L’articolo 6 viene modificato per riconoscere lo sviluppo e il miglioramento dei sistemi di intelligenza artificiale come legittimo interesse, purché vengano rispettate garanzie specifiche, tra cui una minimizzazione più rigorosa, maggiore trasparenza e un diritto di opposizione sempre garantito. Restano immutate, invece, le protezioni per le categorie particolari di dati.
Il testo ufficiale chiarisce anche cosa debba intendersi per decisione “interamente automatizzata”: la classificazione vale solo se l’intervento umano non può cambiare l’esito in modo reale. La nozione di “coinvolgimento umano significativo” viene standardizzata per evitare interpretazioni divergenti tra autorità di controllo.
Sul fronte della gestione delle violazioni di dati, la notifica alle autorità sarà richiesta solo quando la violazione comporta un rischio elevato. Il termine viene esteso da 72 a 96 ore e viene introdotto un punto unico di notifica europeo gestito da ENISA, che sostituirà gli attuali canali frammentati .
Cookie e tecnologie di tracciamento: un quadro unico
La riforma introduce un cambiamento storico: tutte le regole sui cookie, sugli SDK, sul device fingerprinting e sui sistemi di tracciamento cross-device verranno consolidate nel GDPR, eliminando il doppio regime con la direttiva ePrivacy, che manterrà solo la funzione di tutela della confidenzialità delle comunicazioni elettroniche .
Conseguenze dirette:
- meno banner e più chiarezza per gli utenti;
- i segnali di consenso inviati da browser e sistemi operativi diventeranno vincolanti;
- periodo di “cooling-off” dopo un rifiuto, durante il quale il sito non potrà richiedere lo stesso consenso;
- esenzioni limitate a casi strettamente necessari, come servizi richiesti dall’utente o misurazioni aggregate del pubblico.

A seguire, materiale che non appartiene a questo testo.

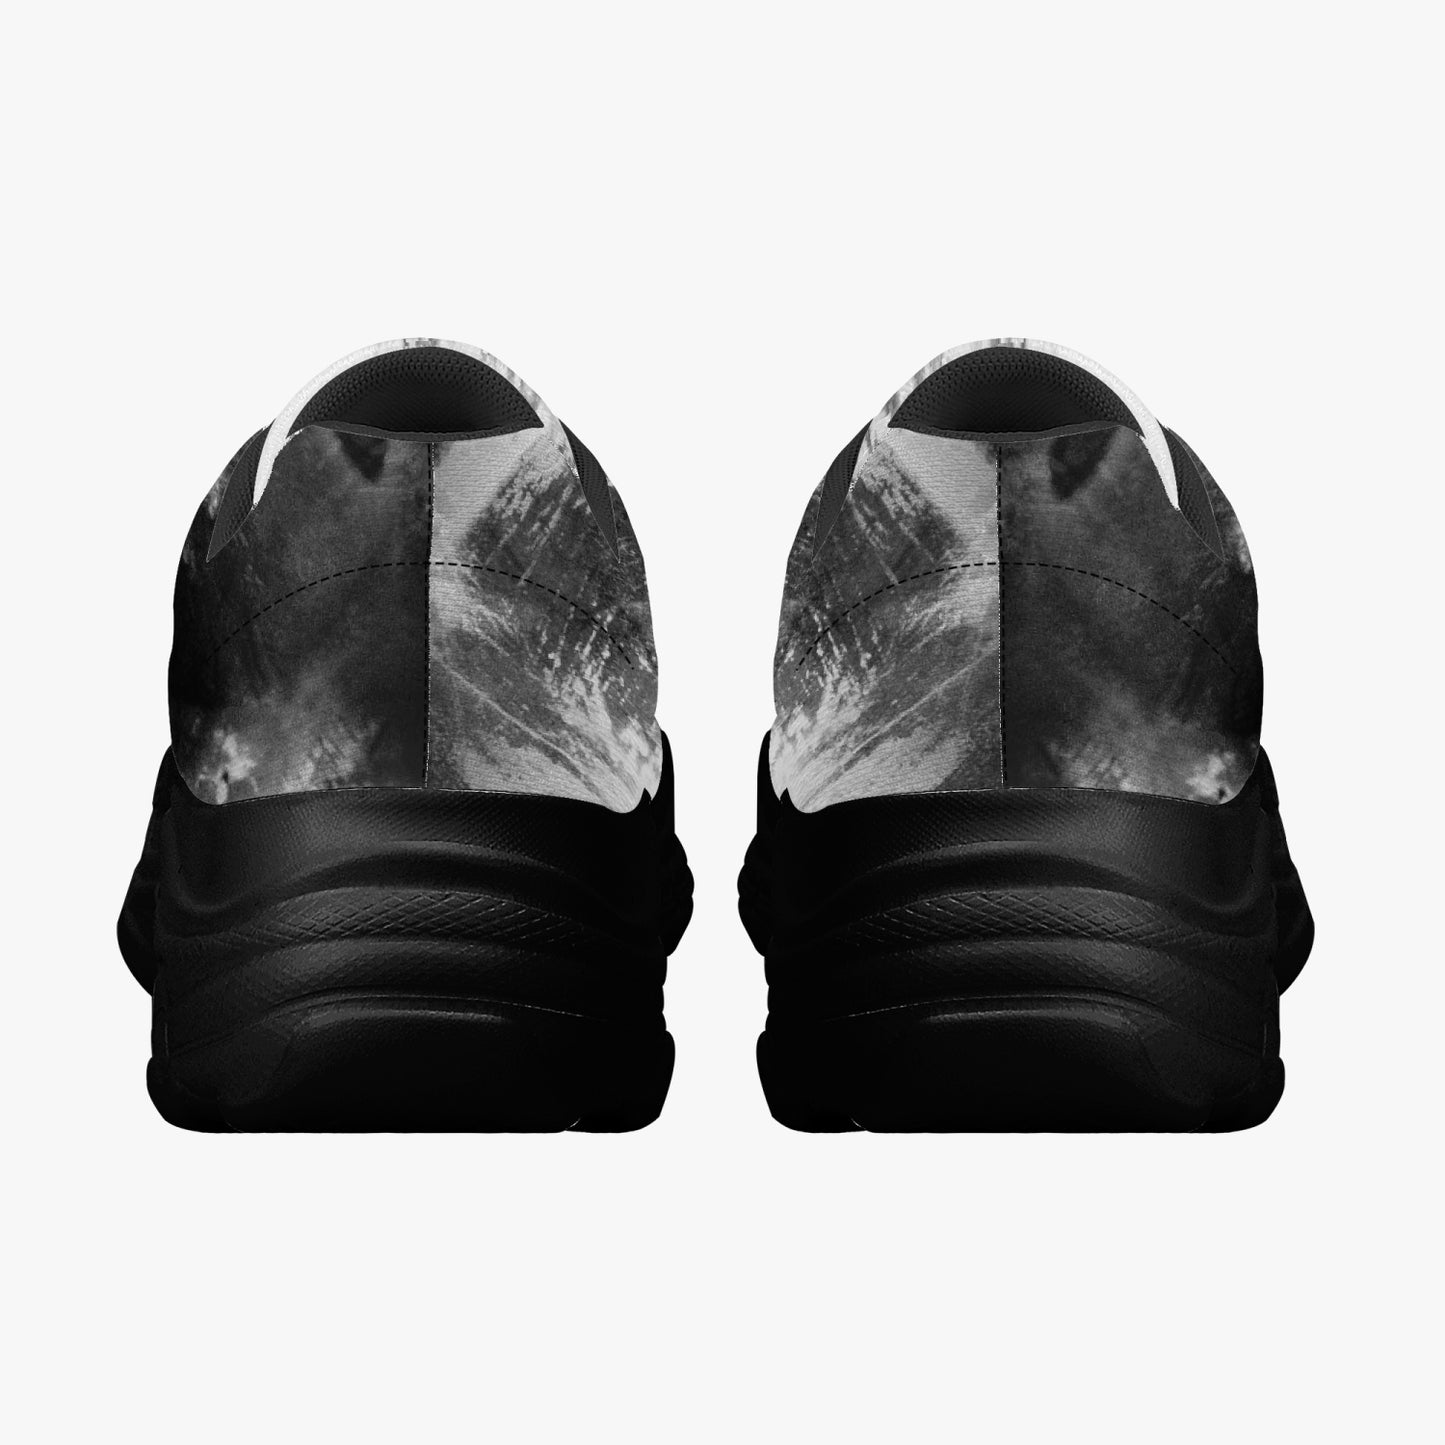 Zapatillas unisex "niebla" (blanco / negro)

Questo crea un quadro unico per il tracciamento online, destinato a cambiare radicalmente l’esperienza di navigazione.
L’impatto sull’intelligenza artificiale
La modifica dell’AI Act non interviene sulla struttura della norma, ma ne raffina l’attuazione: calendario basato sulla disponibilità di standard armonizzati, chiarimenti sui test nel mondo reale, transizioni per i sistemi generativi già sul mercato e requisiti proporzionati per PMI e mid-cap . Viene inoltre attribuito un ruolo più centrale all’AI Office, soprattutto per i sistemi basati su modelli di AI generativa e per quelli integrati nelle grandi piattaforme.
Un nuovo quadro per i dati e la cybersicurezza
Il Digital Omnibus trasforma il Data Act in una vera e propria “Data Framework Regulation”, che assorbe il Data Governance Act, il regolamento sul libero flusso dei dati non personali e l’Open Data Directive. Il risultato è un’unica architettura per l’accesso, la condivisione e il riutilizzo dei dati, con norme più pratiche per il cloud-switching e nuove protezioni contro accessi non autorizzati da Paesi terzi .
Sul fronte della cybersicurezza, nasce un unico punto europeo di notifica per incidenti e violazioni, integrando gli obblighi previsti da NIS2, DORA, CER, GDPR e eIDAS. Il modello è “report once, distribute to all”, pensato per alleggerire processi che oggi sono tra i più pesanti per le imprese .
Mercati digitali e semiconduttori
Tra le misure collaterali rientra l’eliminazione del regolamento P2B, ormai superato da DSA e DMA, e una revisione del Chips Act destinata a rafforzare la competitività europea nel settore dei semiconduttori.
Un quadro che conferma le anticipazioni
La pubblicazione ufficiale conferma integralmente quanto anticipato da Byte.Legali: ridefinizione del dato personale, armonizzazione GDPR-ePrivacy, browser come snodo centrale della privacy, notifiche unificate, sostegno alle PMI, ruolo rafforzato dell’AI Office e nascita di un quadro unico per i dati e la cybersicurezza. Il Digital Omnibus inaugura una fase nuova, in cui semplicità e protezione non sono più elementi in conflitto ma parti dello stesso progetto.